Data provided:
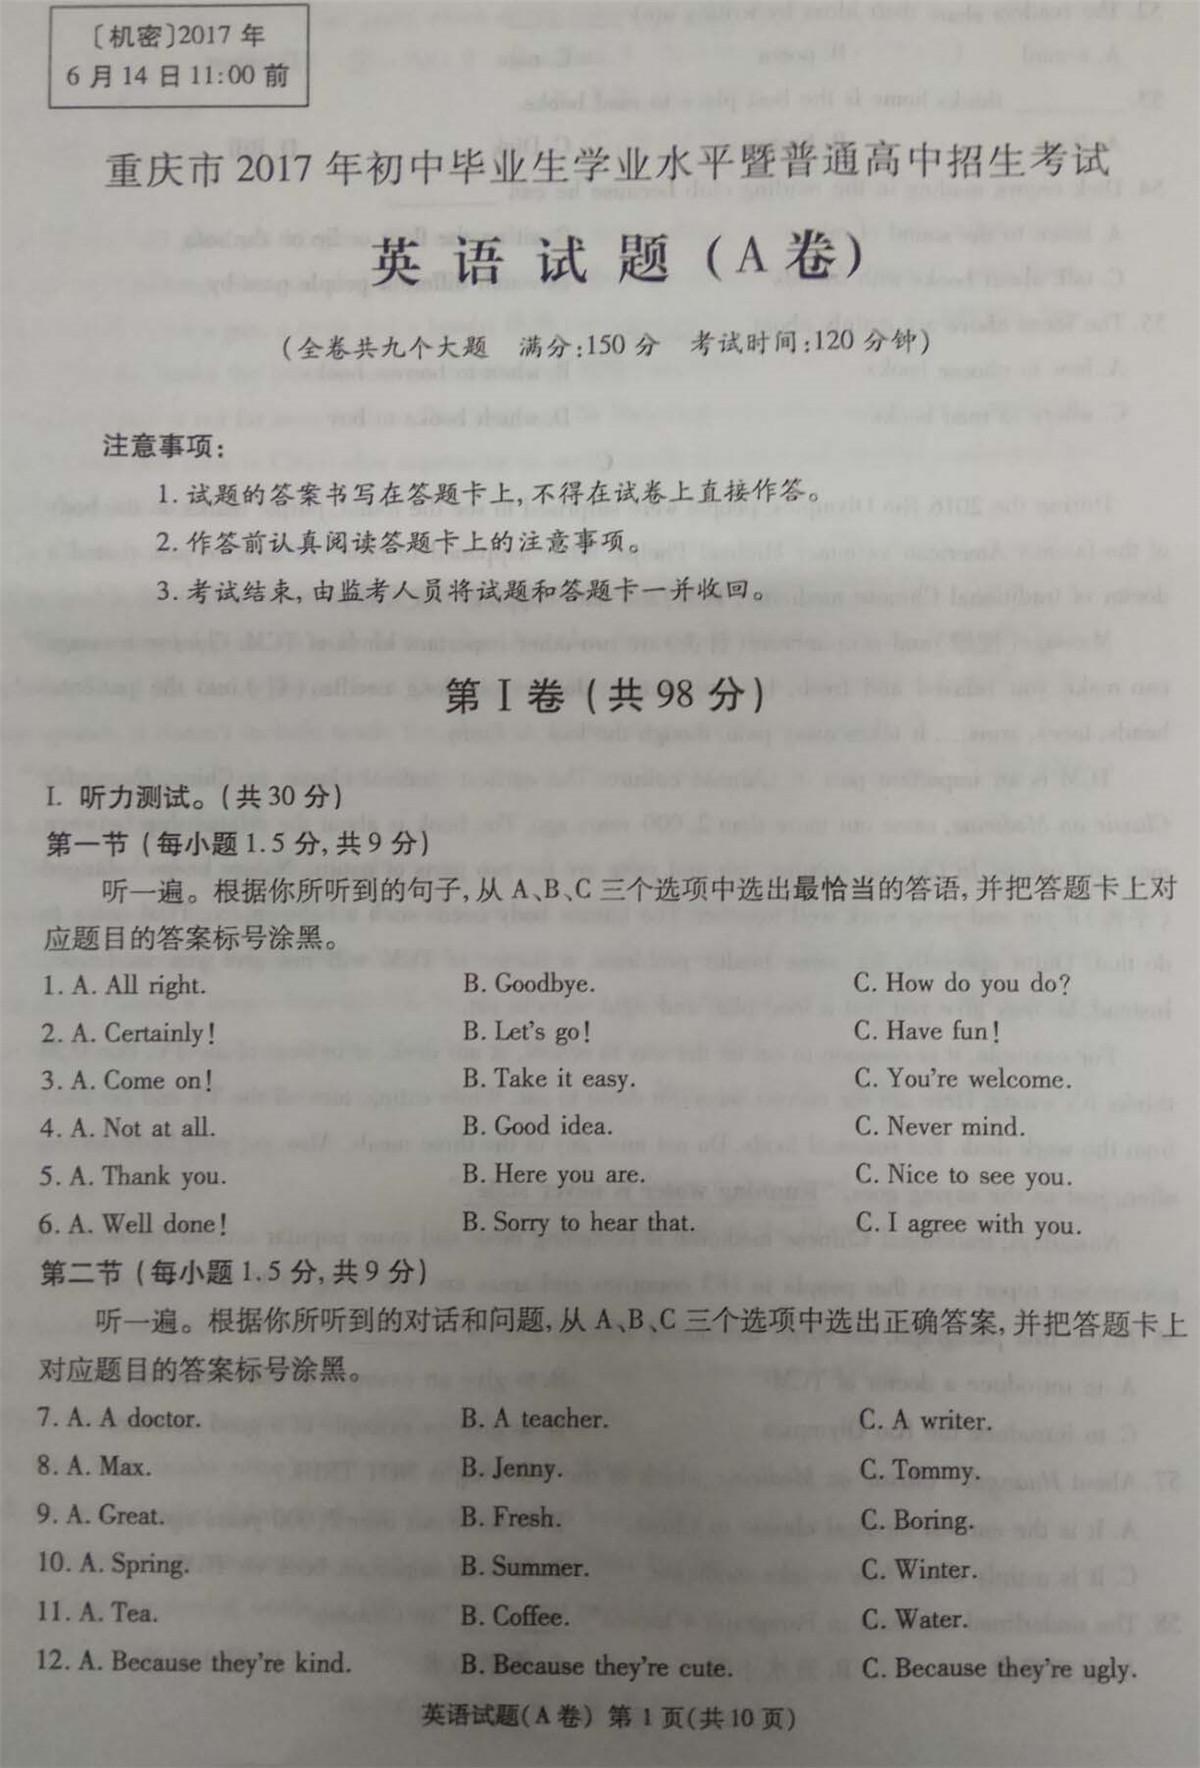 2017重庆中考英语A卷试题及答案解析(图片版含答案)
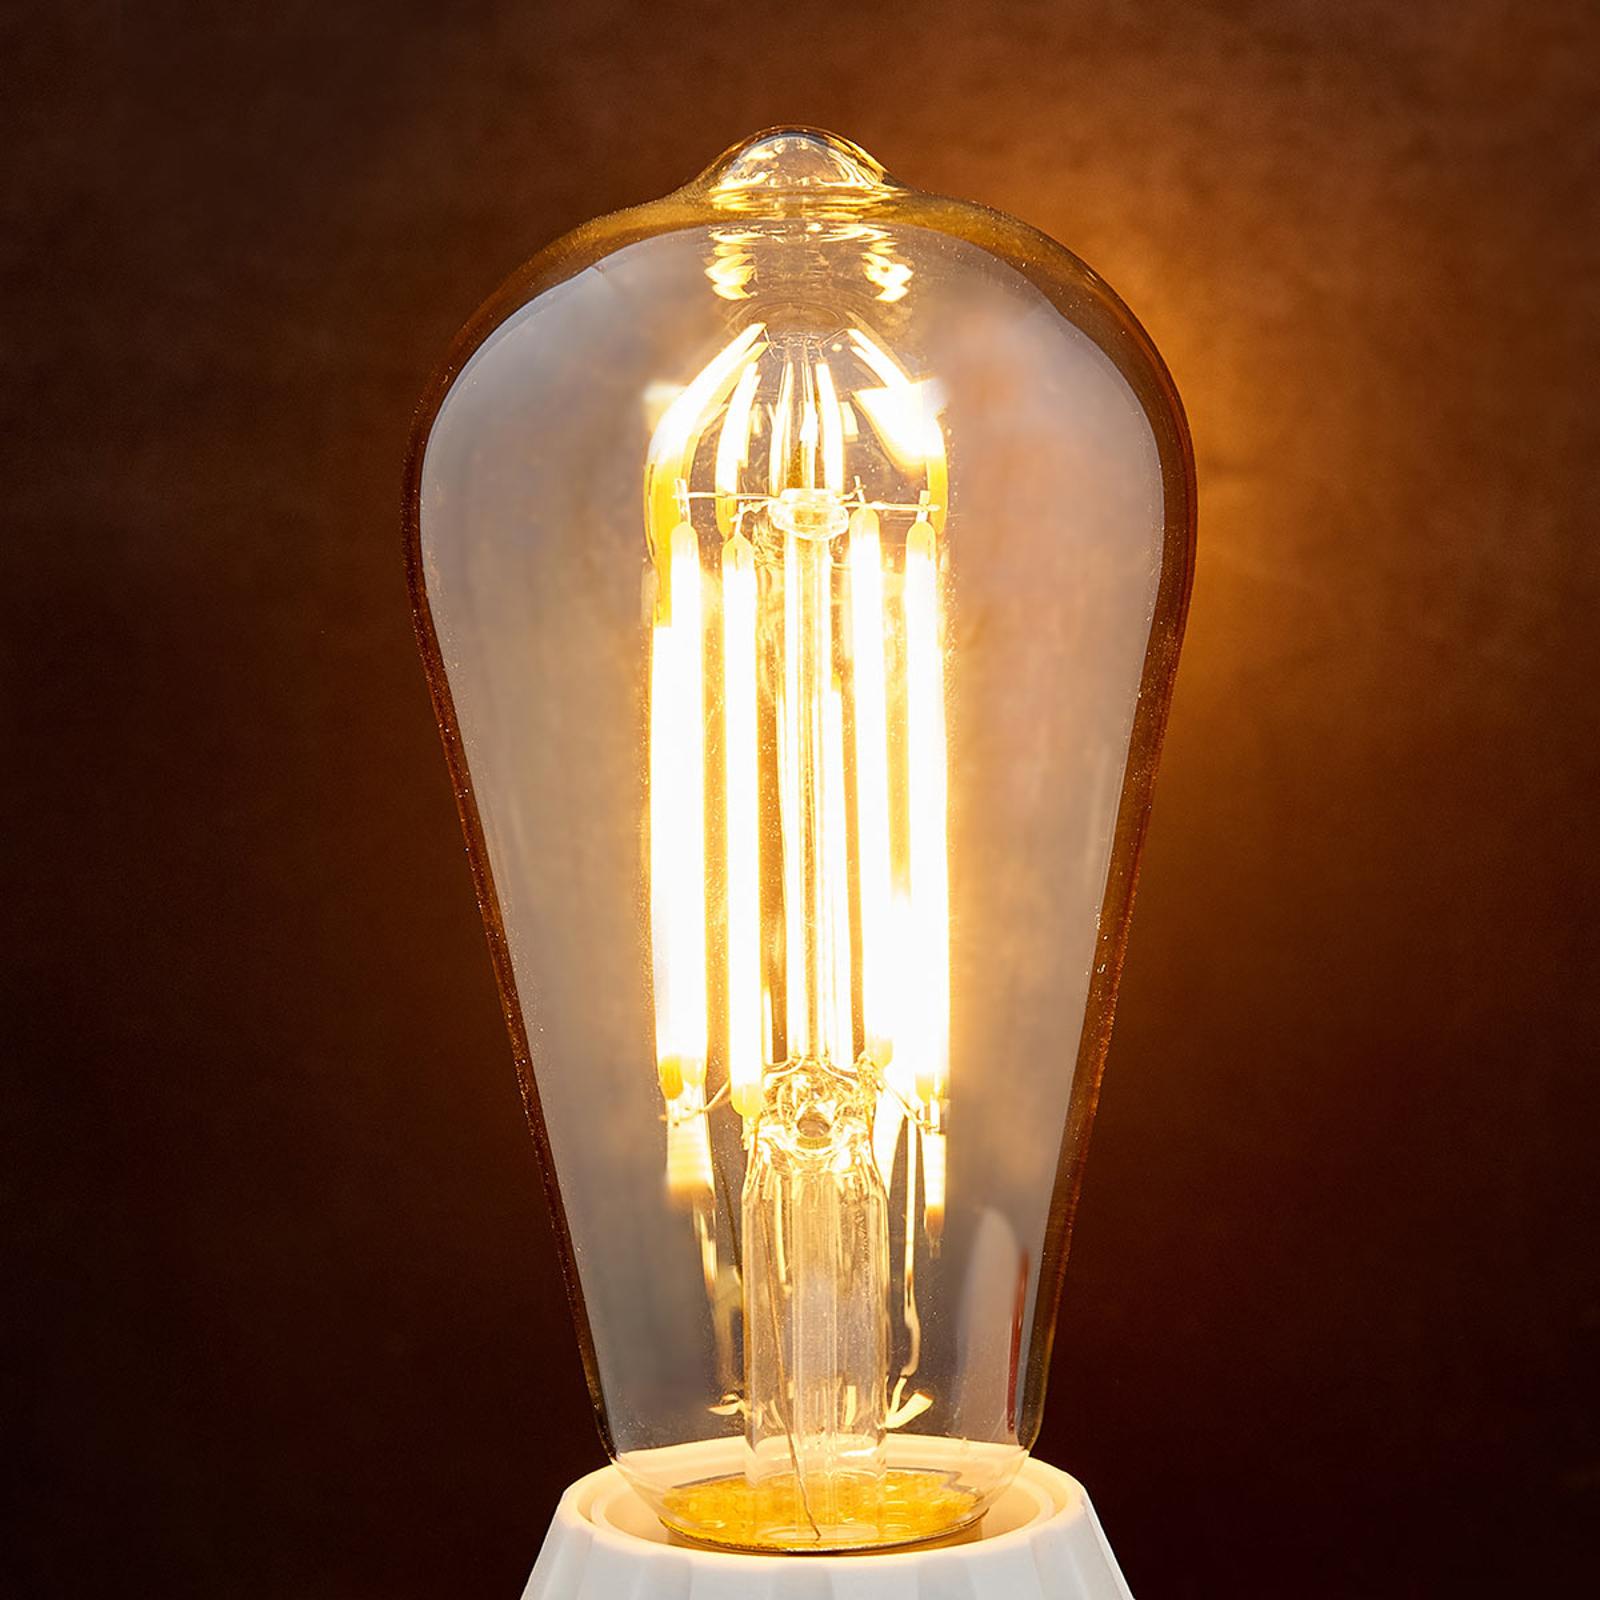 Lampadina rustica LED E27, 6W, 500lm, ambra
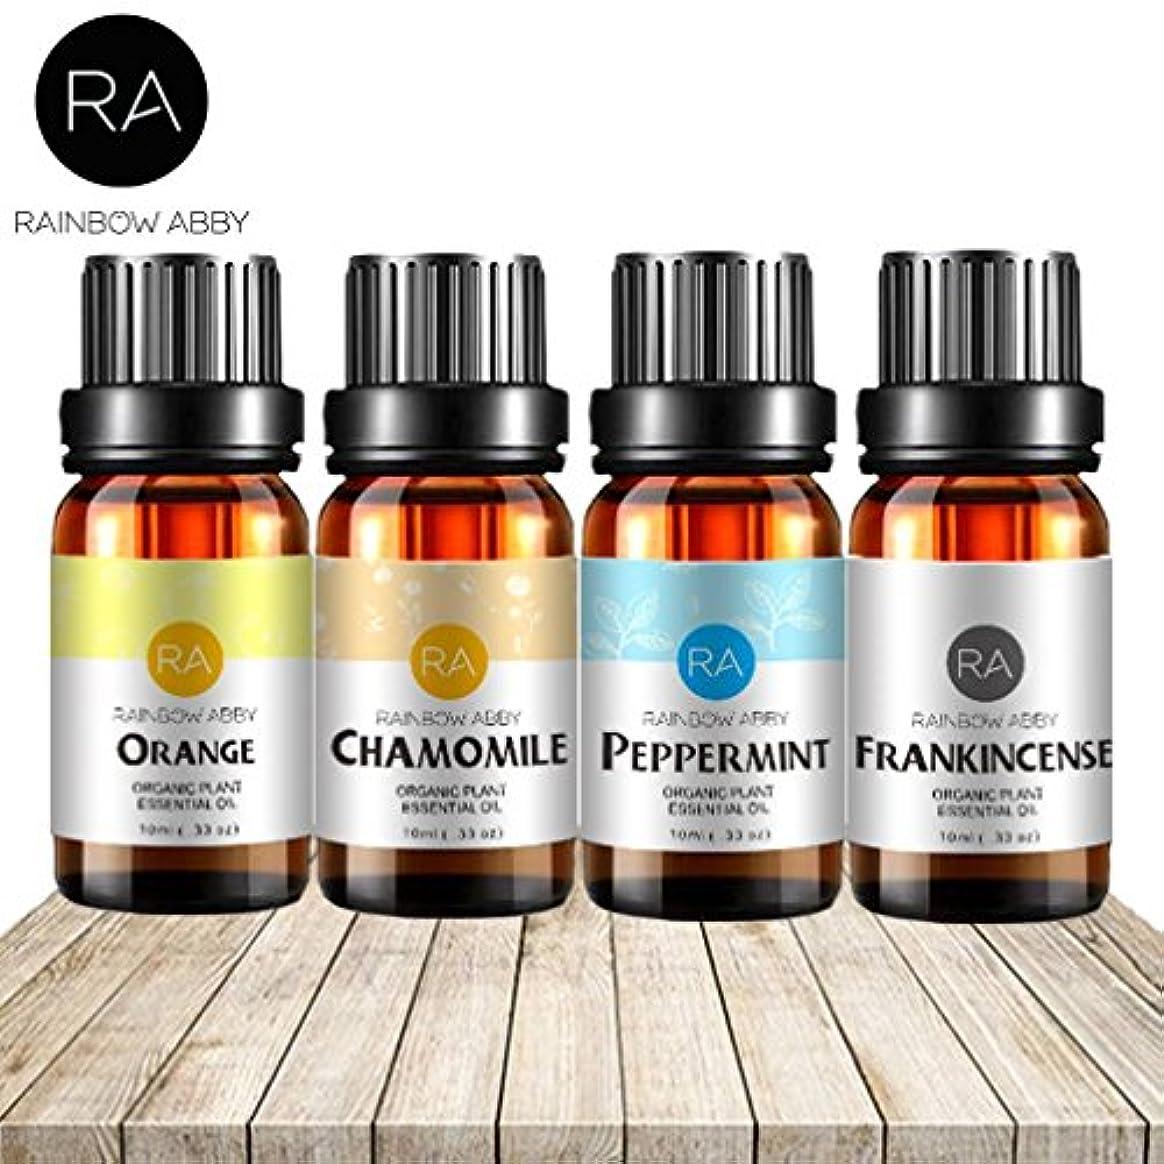 全国美容師アッパーRAINBOW ABBY 最高 治療用 グレード エッセンシャル オイル 4パック バラエティ カモミール、ペパーミント、フランキンセンス、スウィートオレンジ

Try it: Without any pictures, please write out the lines from the one containing "Lampadina rustica LED E27, 6W, 500lm, ambra" through the final line of the data, exactly and inclusive of both ends.

Reply:
 Lampadina rustica LED E27, 6W, 500lm, ambra
 全国美容師アッパーRAINBOW ABBY 最高 治療用 グレード エッセンシャル オイル 4パック バラエティ カモミール、ペパーミント、フランキンセンス、スウィートオレンジ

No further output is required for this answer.